For more details see ping(8).
Microsoft's pwsh-bin for Linux uses iputils. But does not have limited features, it is fully usable. At least according to the depicted documentation.
PS /home/pbogusze> ping -R -n fritz.box
PING fritz.box (10.0.249.1) 56(124) bytes of data.
64 bytes from 10.0.249.1: icmp_seq=1 ttl=64 time=0.334 ms
RR: 10.0.249.20
10.0.249.1
10.0.249.1
10.0.249.20
64 bytes from 10.0.249.1: icmp_seq=2 ttl=64 time=0.346 ms (same route)

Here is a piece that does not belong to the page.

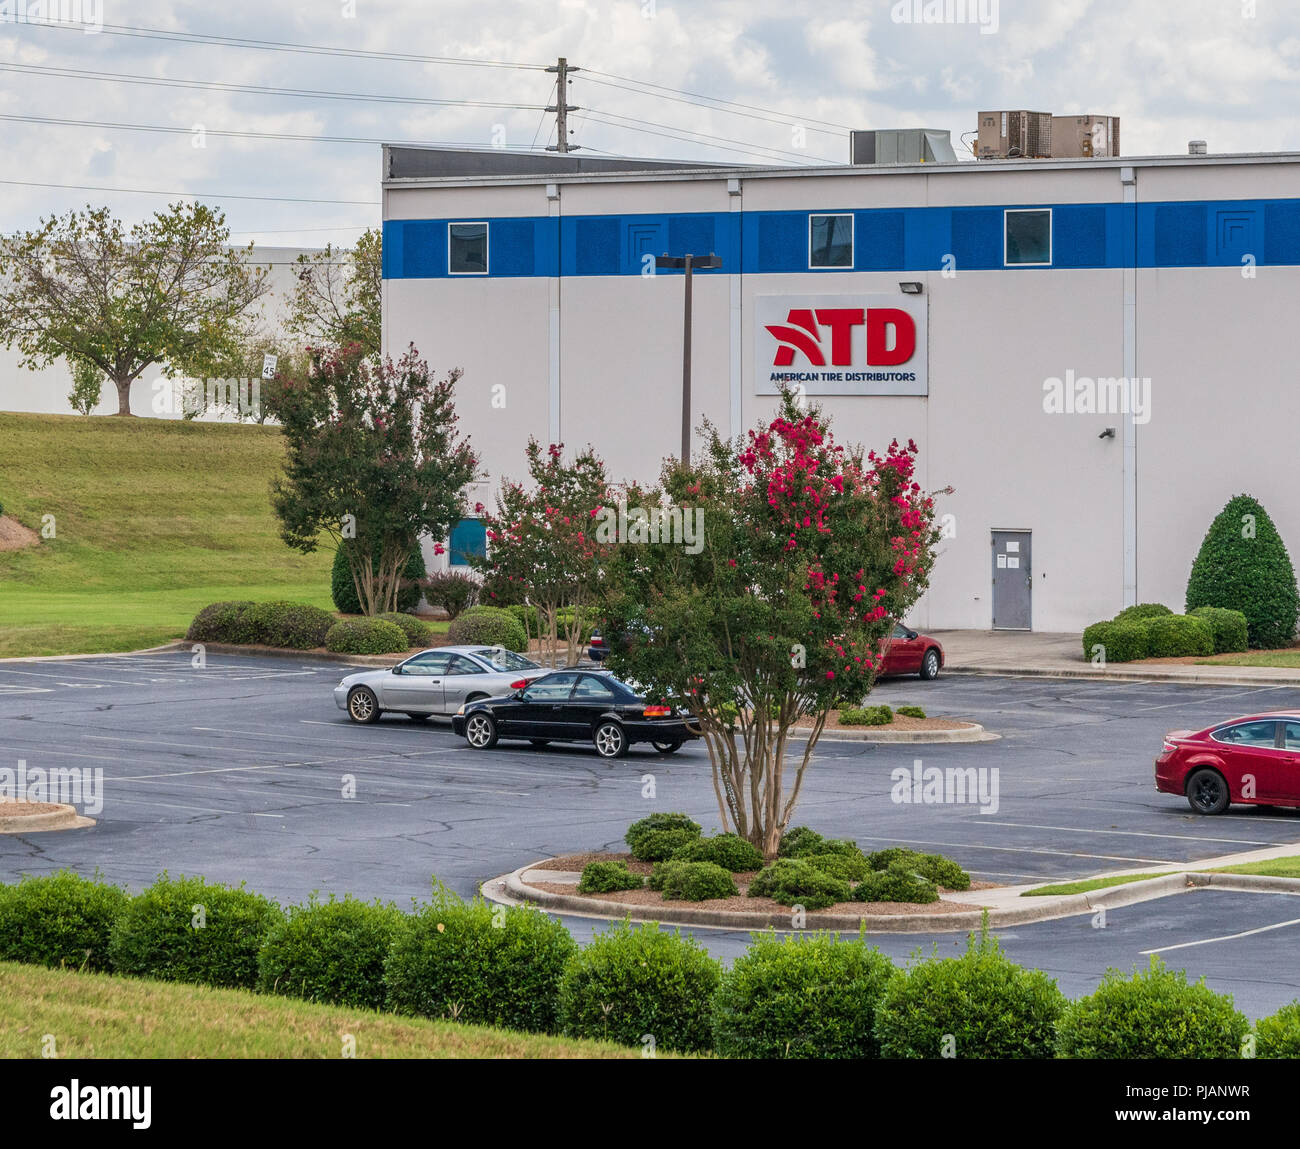 Lincolnton Nc Usa 9 2 18 Atd American Tire Distributors

64 bytes from 10.0.249.1: icmp_seq=3 ttl=64 time=0.348 ms (same route)
^C
--- fritz.box ping statistics ---
3 packets transmitted, 3 received, 0% packet loss, time 2001ms
rtt min/avg/max/mdev = 0.334/0.342/0.348/0.006 ms
PS /home/pbogusze>
Technically, this might be only easy way to do this. And if the TCP/IP stack of linux is more powerful then add specific linux features into that powershell implementation on linux. Imagine for example crafting IPv6 packets using pwsh-bin and putting it immediately on the wire.
Summary
This option will not work in every network environment. In most small to middle enterprise networks MIGHT block this IP option and probably will. But in big network ( ~50 and up to hundreds of routers) and very big networks (more than thousand routers) this might be helpful. Environments where
- ping
- traceroute
- telnet
are the only tools at hand to troubleshoot an networking issue and the only thing on e have at hand: is a router.
Well you might ask yourself, why bother to write a article about a IP legacy option. The truth is, it might help someone who is troubleshooting a networking problem, and has limited tools access. IP and a router are the only tools. There you go.
Challenge yourself! Troubleshoot a networking problem using only a router, ping, traceroute, telnet
With limited tooling need to explore the used protocol and its implementation on a platform, You need to get creative in a different environment.